CODEX_OPENAI_API_KEY: ""
CLAUDE_ANTHROPIC_API_KEY: ""
OPENROUTER_API_KEY: ""
models:
allowed: # Allowlist which models this tenant can use
- openai/gpt-5.4
primary: openai/gpt-5.4 # Set the default model
fallbacks: [] # Optional fallback chain
agents:
main:
model: openai/gpt-5.4 # Bind the operator agent to a specific model
providers:
google:
hydrateAuth: false # Control provider-level auth behavior
routes:
gemini:
enabled: false # Feature-flag any tool on or off per tenantWhat you control from one file:
- Version pins β lock each tenant to a specific OpenClaw release, roll forward on your schedule
- Secret injection β API keys managed at the host level, never committed to git
- Model governance β allowlists, primary model selection, and fallback chains
- Agent-to-model binding β decide which model powers each tenant's operator
- Provider policy β toggle auth hydration and provider-level behavior
- Route-level feature flags β enable or disable Gemini, Claude, Codex, or any route per tenant
This is the difference between "we have AI tools" and "we have AI governance." One file. Full fleet control.
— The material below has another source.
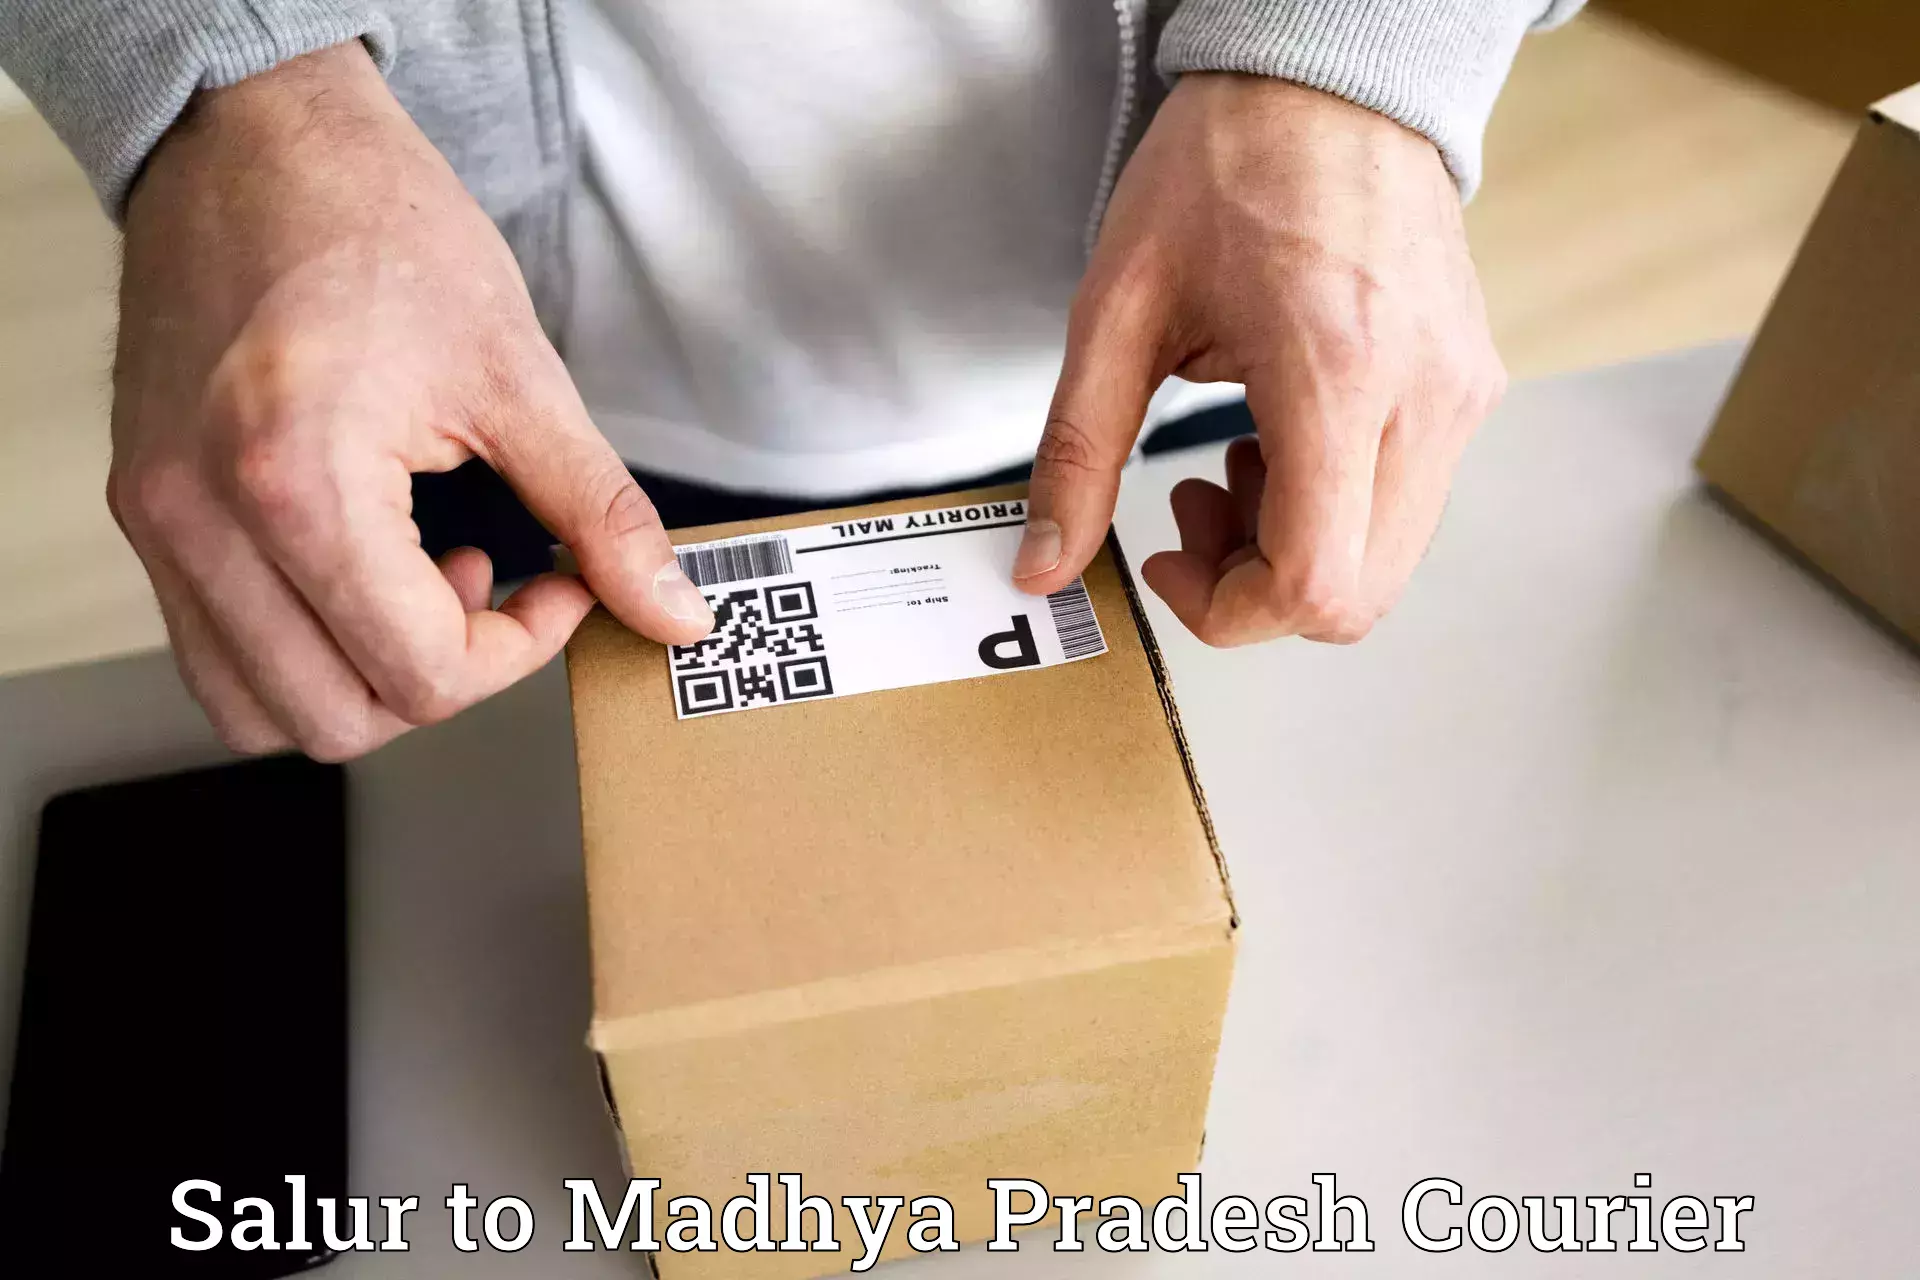 Lightweight parcel options Salur to Silwani

See the Configuration Guide for the complete override surface across all four config layers.
Point an agent at this repo, have it install the matching skill, and it handles the entire deployment β configuration, secrets, tenant creation, and verification β then hands you back the URLs and credentials.
Step 1. Tell your agent which setup you want:
| I want... | Have your agent install this skill |
|---|---|
| Multiple agents on a shared host with Traefik routing (recommended) | $rundiffusion-host-agent-manager |
| One agent on this machine or one remote host | $rundiffusion-standalone-agent-manager |
Step 2. Give your agent a prompt:
Install the skill from /skills/rundiffusion-host-agent-manager, then use it to
create me a RunDiffusion multi-tenant cluster locally with one tenant called
"Chad Smith" using slug "csmith-1234". Configure the first tenant, deploy it,
and return the tenant URLs and credentials.
More example prompts
Install the skill from /skills/rundiffusion-standalone-agent-manager, then use it to create me a RunDiffusion Agent locally. Use the keys in services/rundiffusion-agents/.env. Name the deployment "My Agent". Return the /openclaw/ URL, the /dashboard/ URL, the operator credentials, and the OpenClaw gateway token.Install the skill from /skills/rundiffusion-standalone-agent-manager, then use it to create me a RunDiffusion Agent locally. Use the keys in <path-to-env-file>. Name the deployment "My Agent". Keep native OpenClaw auth enabled and return the actual reachable URLs plus the generated credentials.Install the skill from /skills/rundiffusion-standalone-agent-manager, then use it to create me a remote single-tenant RunDiffusion Agent. Use HTTPS or Cloudflare Tunnel as needed for native /openclaw, tell me which values you can infer from the repo, and tell me exactly what host or DNS inputs you still need from me.Install the skill from /skills/rundiffusion-host-agent-manager, then use it to create me a RunDiffusion multi-tenant cluster with one tenant called "Chad Smith" using slug "csmith-1234", and help me get Cloudflare Tunnel set up. Use the repo root host stack, configure the tenant, deploy it, and tell me which Cloudflare values or DNS steps still need my input.
Step 3. Keep using the same agent + skill for updates, redeploys, tenant changes, health checks, and troubleshooting.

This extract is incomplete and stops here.